Her geçen gün, telefonlara yüklediğimiz uygulamalar ve gelen güncellemeler daha fazla verimize erişmek için bizden izin istiyor. Yüklediğimiz her uygulamayla aslında anlık konumumuzu, günlük rutinlerimizi, cihaz içindeki özel verilerimizi ve hatta sağlık durumumuzu bile geliştiricilerle paylaşıyoruz.
Böyle bir ortamda bunları elinde bulunduranlara karşı bırakın mahremiyeti, kişisel gizliliği kendimizi bile korumamızın bir yolu yok. Denememiz durumunda telefonlarımız bize karşı casusluk yapacak. Bu noktada kullanıcılar gizlilik ve güvenlik odaklı telefonları araştırmaya başlıyor.
Üst düzey gizlilik ve güvenlik sağlayan 4 telefon modeli:
Sosyal amaçlı bir şirket olan Purism, 2014’ten beri gizlilik dostu Linux tabanlı dizüstü bilgisayarlar ve bilgisayarlar üretiyor.
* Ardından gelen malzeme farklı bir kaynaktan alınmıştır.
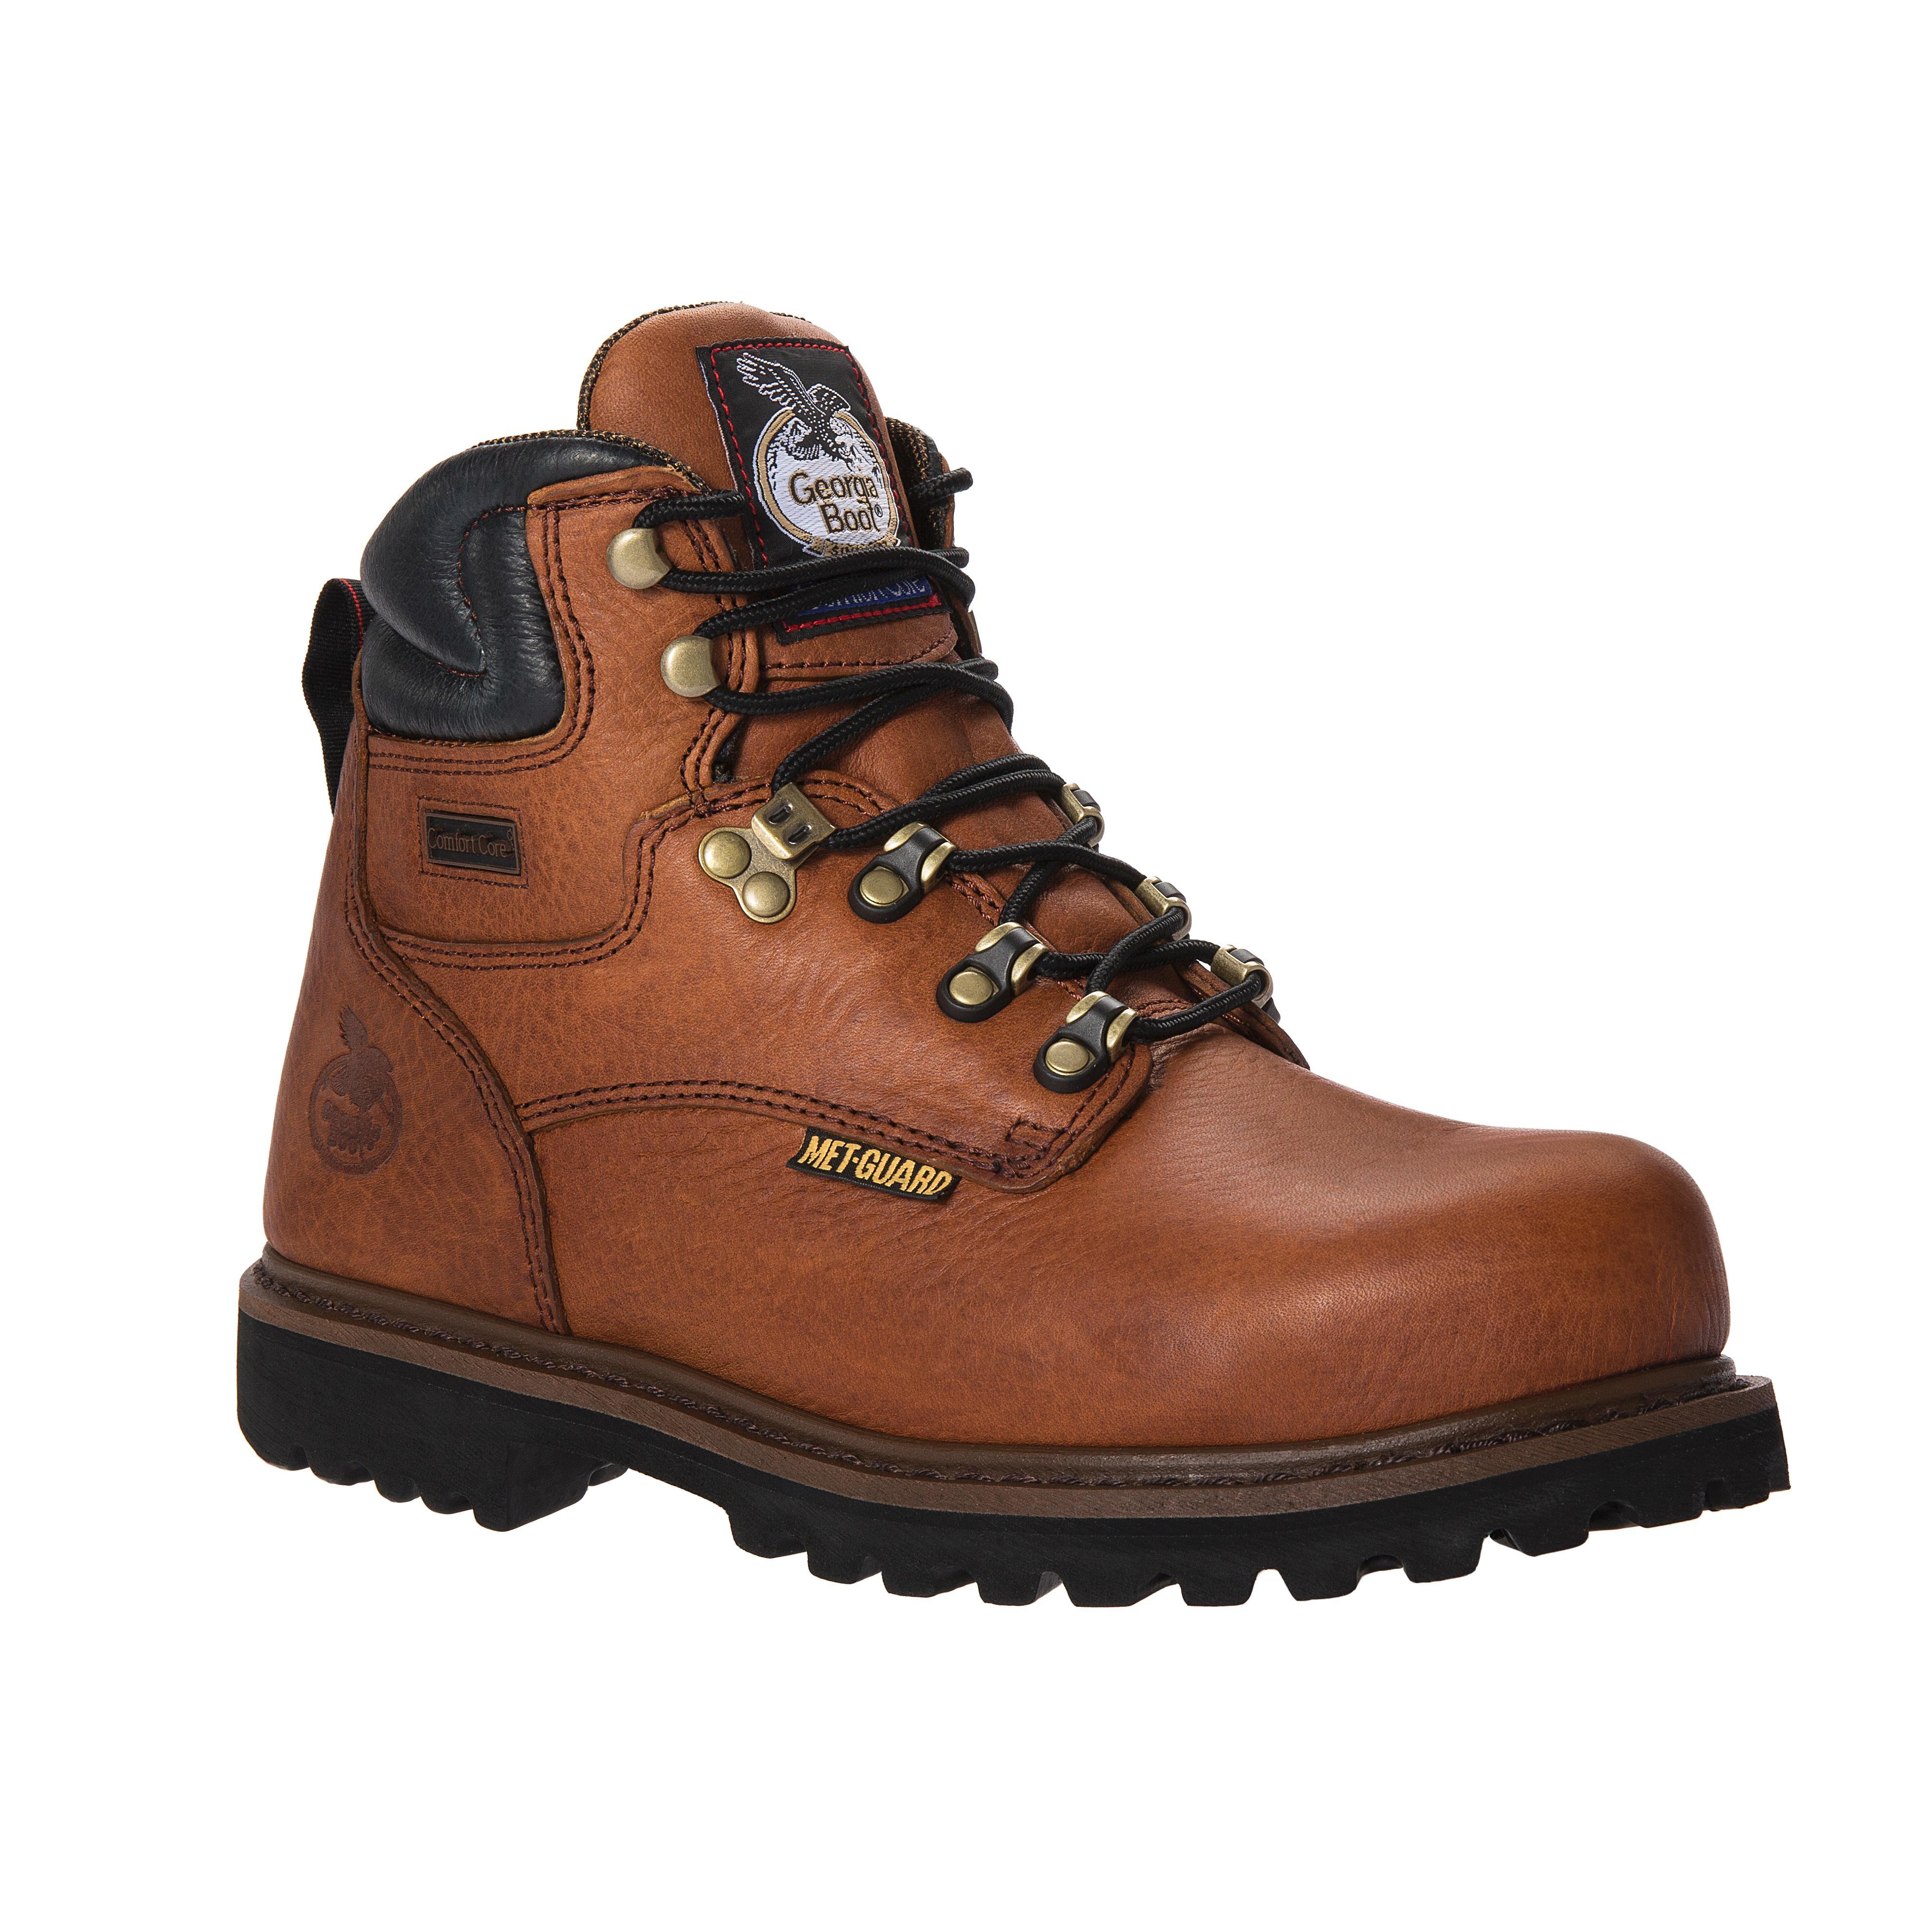 d8d97379e1b Georgia Boot Hammer Internal Metatarsal Steel Toe Work Boot

Purism Librem 5, şirketin ilk akıllı telefonu ve gizlilik ön planda tutularak tasarlandı. Librem 5, sizi takip etmeyen akıllı telefonlar listesindeki en iyi seçenek.
Telefon, Purism‘in Android veya iOS tabanlı olmayan gizlilik odaklı Linux işletim sistemi PureOS’u çalıştırıyor. PureOS açık kaynaklı ve ücretsiz ve açık kaynaklı yazılım (FOSS) önceden yüklenmiş olarak geliyor.
Yine de; Purism, sizi işletim sistemini kullanmaya zorlamıyor. Bunun yerine herhangi bir uyumlu GNU/Linux işletim sistemi kurmayı seçebilirsiniz. Sonuç olarak, Google Play Store‘a veya diğer ana uygulama mağazalarına erişim yok. Varsayılan web tarayıcısı, varsayılan arama motoru olarak DuckDuckGo’yu kullanıyor.
En önemlisi de, telefonun GPS dahil tüm ağ bağlantılarını kapatabilen donanım tabanlı üç kapatma anahtarı da var. Ayrıca mikrofon, Wi-Fi ve Bluetooth, kameralar ve hücresel temel bant için kapatma anahtarları var. Kalan donanıma gelince, Librem 5’te 4.500 mAh çıkarılabilir pil, 13 MP birincil kamera ve microSD ile 2 TB’a kadar genişletilebilen 32 GB yerleşik depolama alanı bulunuyor.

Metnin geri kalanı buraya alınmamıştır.